What I think is that once the box is opened, Pandora can no longer help us—or, in more contemporary terms, scale matters. What does that mean? It means, to resort to the original Latin, Homo sum, humani nihil a me alienum puto. Genuine freedom of speech reveals things to us about ourselves that we’d rather not know. Content moderation can’t help us with that. Neither can the clever pretense of algorithm patrolling, nor bans that, for obvious economic reasons, won’t ever actually be enforced except selectively. Not even some real version of the Butlerian Jihad can help us.

The singularity may never come to pass, but governmental interventions in the creations of the digital age, legislative, executive, or judicial, are, like the military career of Josef Švejk, tainted with all the accidental qualities an indifferent universe can conjure. The truth is, we can no longer afford our own immaturity. My advice is simple: don’t go with the tech bros if you want to live. They really have no idea what they’ve wrought.

Novus Ordo Seclorum

Along with many others, I’ve long thought and said as much here and elsewhere that Americans would have a difficult time adjusting to the end of post-war US hegemony and the rise of a multipolar world order. It now seems fair to say that the re-election of Donald Trump makes that hard-core recalcitrance a certainty. And when you start finding things like this on the Internet, it’s probably also fair to say that none of that pig-headedness will go down well with what our previous leaders have been pleased to call The International Community:

A map of the united states with the words " dumbfuckkistan " written in it.
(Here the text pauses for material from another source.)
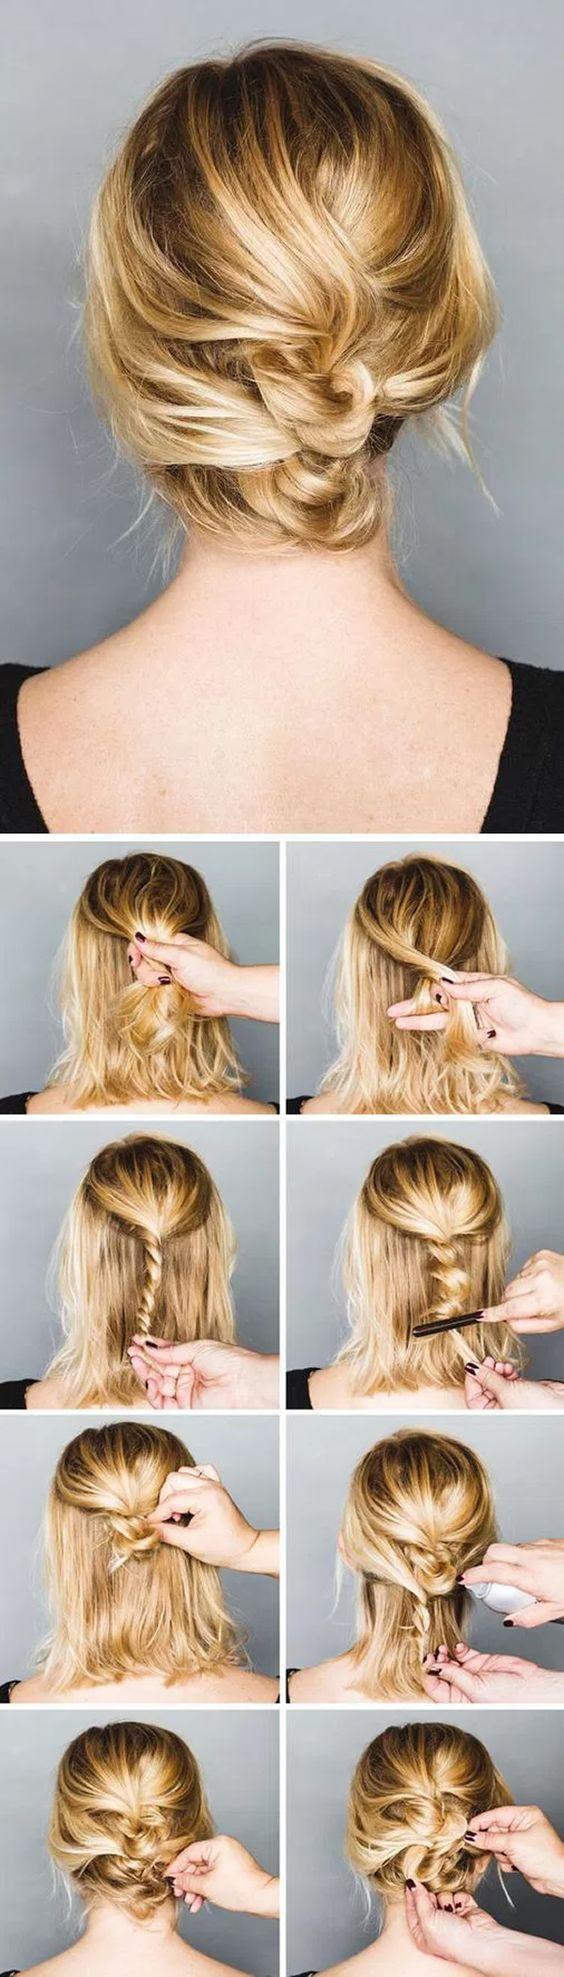 6 excelentes peinados recogidos para diferentes momentos del día

Ars Gratia Artis Ain’t the Half of It

The sarabande from Bach’s cello suite no. 2 in D minor, BWV 1008, was my first glimpse into the one abyss that human beings can always look into with confidence that their eternal immaturity will be respected. Music is the abyss that looks back into us without any attempt to claim dominion over us, the abyss that offers us a rare chance to defeat entropy. Music isn’t always destined to soothe the savage beast in us—every once in a while it escapes the definitions we’ve reserved for it and confirms the fundamental savagery of our right to exist in a universe filled with marvels that otherwise might remain beyond us in every way.

The Apostle’s Creed

“Will you tell me the truth?”

“Almost never. The truth is complex, far more complex than my intention. The truth that I will tell you, that I can tell you, is that between human beings intention is everything, and that my intention is to tell you only as much of the truth as I think likely to leave you undamaged.

That’s why you mustn’t trust me. Good intentions are inevitably tainted with both ignorance and condescension. Never mind what Nietzsche said, no one ever gets beyond good and evil. The nature of reality forbids it.”